# winter tyres



## jacky mclean (Feb 27, 2013)

Can someone please tell me what the laws are regarding putting winter tyres? We live in Umbria.....someone said we need them (it is a new law) and someone else said we don't...just snow chains.

We are residents not tourists.

Thanks


----------



## pudd 2 (Dec 10, 2008)

if you carry a set of snow chains in the boot you are coverd by the law , well that's how it is in abruzzo , if you get a lot of snow and slippery roads I would say , whatever the law says fit snow tyes they may save your live one day


----------



## hevin (Jan 15, 2012)

Hello
I live in Milano and this will be my first winter with a car. Do I need to change to winter tired or all season tired with a couple of chains in the trunk will save me from getting a multa. 
Thank you


----------



## NickZ (Jun 26, 2009)

Look at the road signs. Do you see the requirement for snow tires or chains?

All season tires aren't good enough.


----------



## hevin (Jan 15, 2012)

Hello Nick
Thanks for your reply. The trout his that I really did not look. But sure then I will have to pay for a set of winter tires that will spare me the hassle of dealing with the multas


----------



## neepheid (Nov 5, 2013)

As I understand it, a pair of snow chains in the boot complies with the law. Whether that is a wise way to travel on snowy mountain roads is another matter altogether. 

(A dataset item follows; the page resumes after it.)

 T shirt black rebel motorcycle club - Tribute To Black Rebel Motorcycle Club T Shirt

I wonder how many sets of snow chains are ever put on the tyres? Very few is my guess.

Personally I carry snow chains in the boot, just to comply with the law, but I never travel if there is snow or any prospect of snow. If I had to drive on snowy roads, I would definitely fit winter tyres.


----------



## pudd 2 (Dec 10, 2008)

neepheid said:


> As I understand it, a pair of snow chains in the boot complies with the law. Whether that is a wise way to travel on snowy mountain roads is another matter altogether.
> 
> I wonder how many sets of snow chains are ever put on the tyres? Very few is my guess.
> 
> Personally I carry snow chains in the boot, just to comply with the law, but I never travel if there is snow or any prospect of snow. If I had to drive on snowy roads, I would definitely fit winter tyres.

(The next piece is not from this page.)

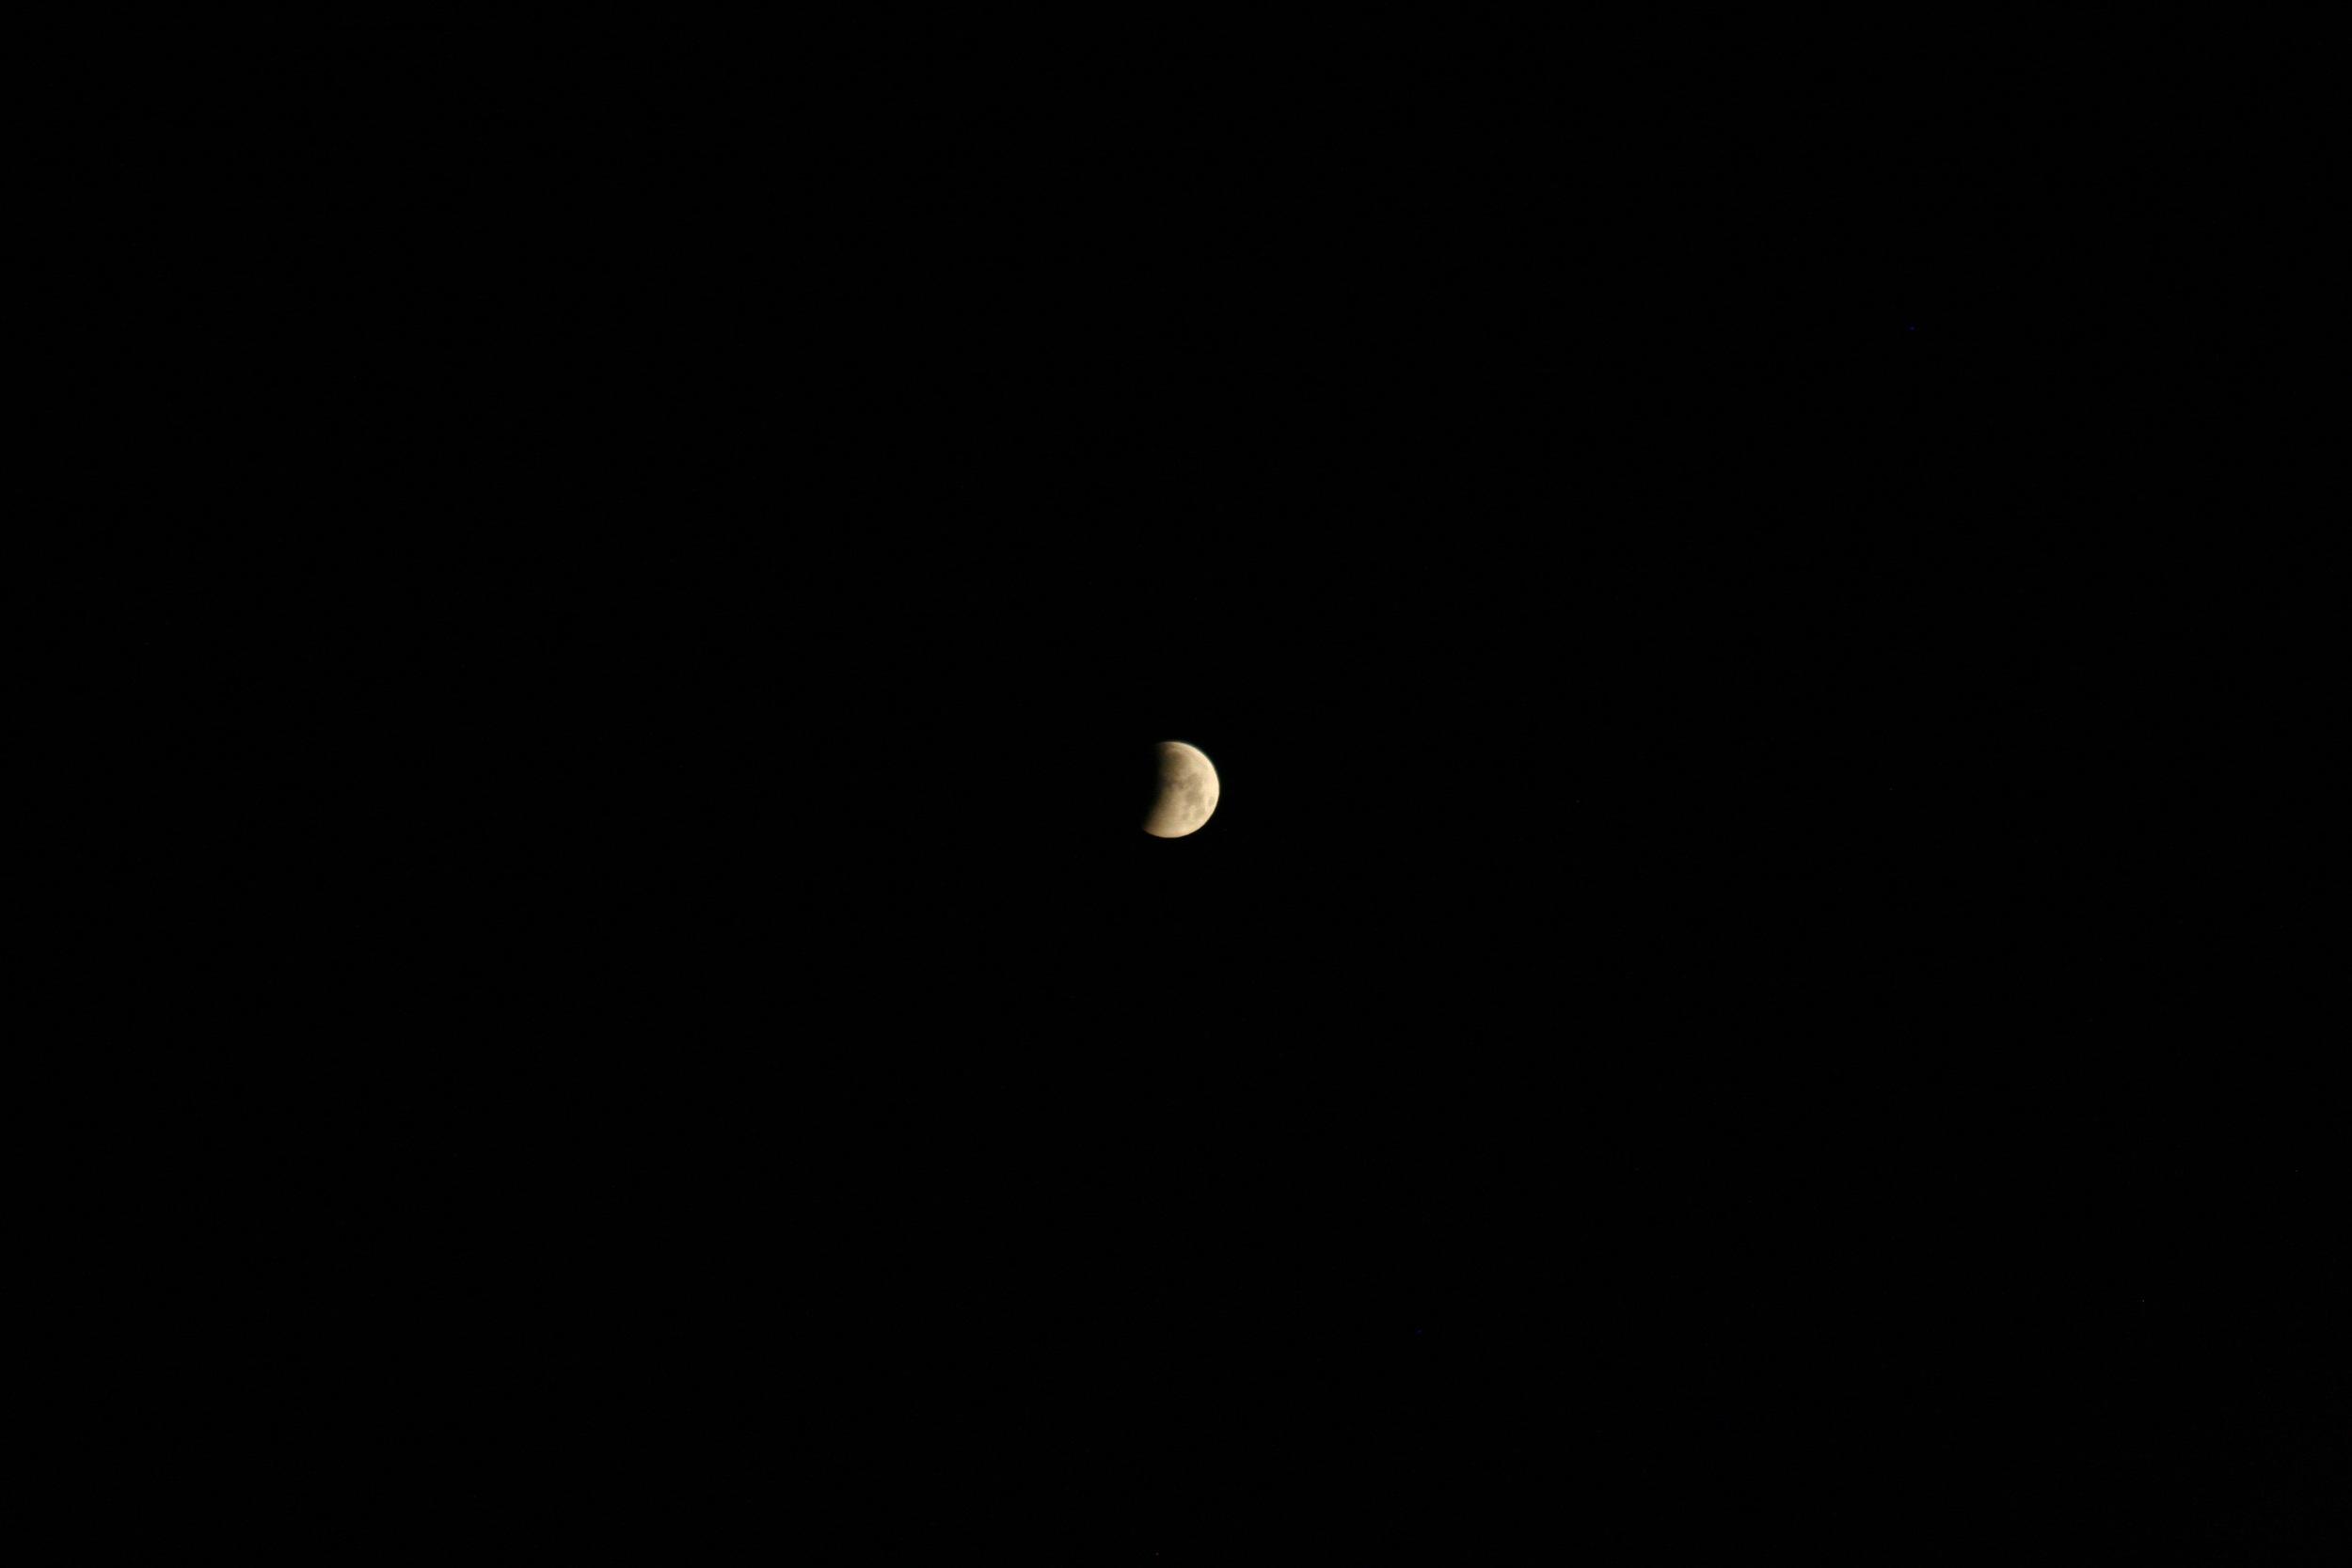 Lunar Eclipse April 20151.jpg

I totally agree with every thing nyou say I live on a mountane and often drive on snow with sheer drops , the law is a ass I allways fit winter tyes for my safety not the law


----------



## ficklemiss (Apr 22, 2013)

jacky mclean said:


> Can someone please tell me what the laws are regarding putting winter tyres? We live in Umbria.....someone said we need them (it is a new law) and someone else said we don't...just snow chains.
> 
> We are residents not tourists.
> 
> Thanks


As far as I understand it, snow chains are a requirement nationwide but winter tyres are a local rule e.g. while in San Donato in lombardia we needed snow chains (ridiculous in an urban area) but not winter tyres vs Ballabio in Lombardia we needed both! Most people we knew did both as it wasn't very clear what was needed from region to region.

Places like Norauto usually have a deal for the changeover, its worth looking out for this.

In our 7 years in Italy we only used snow chains once.


----------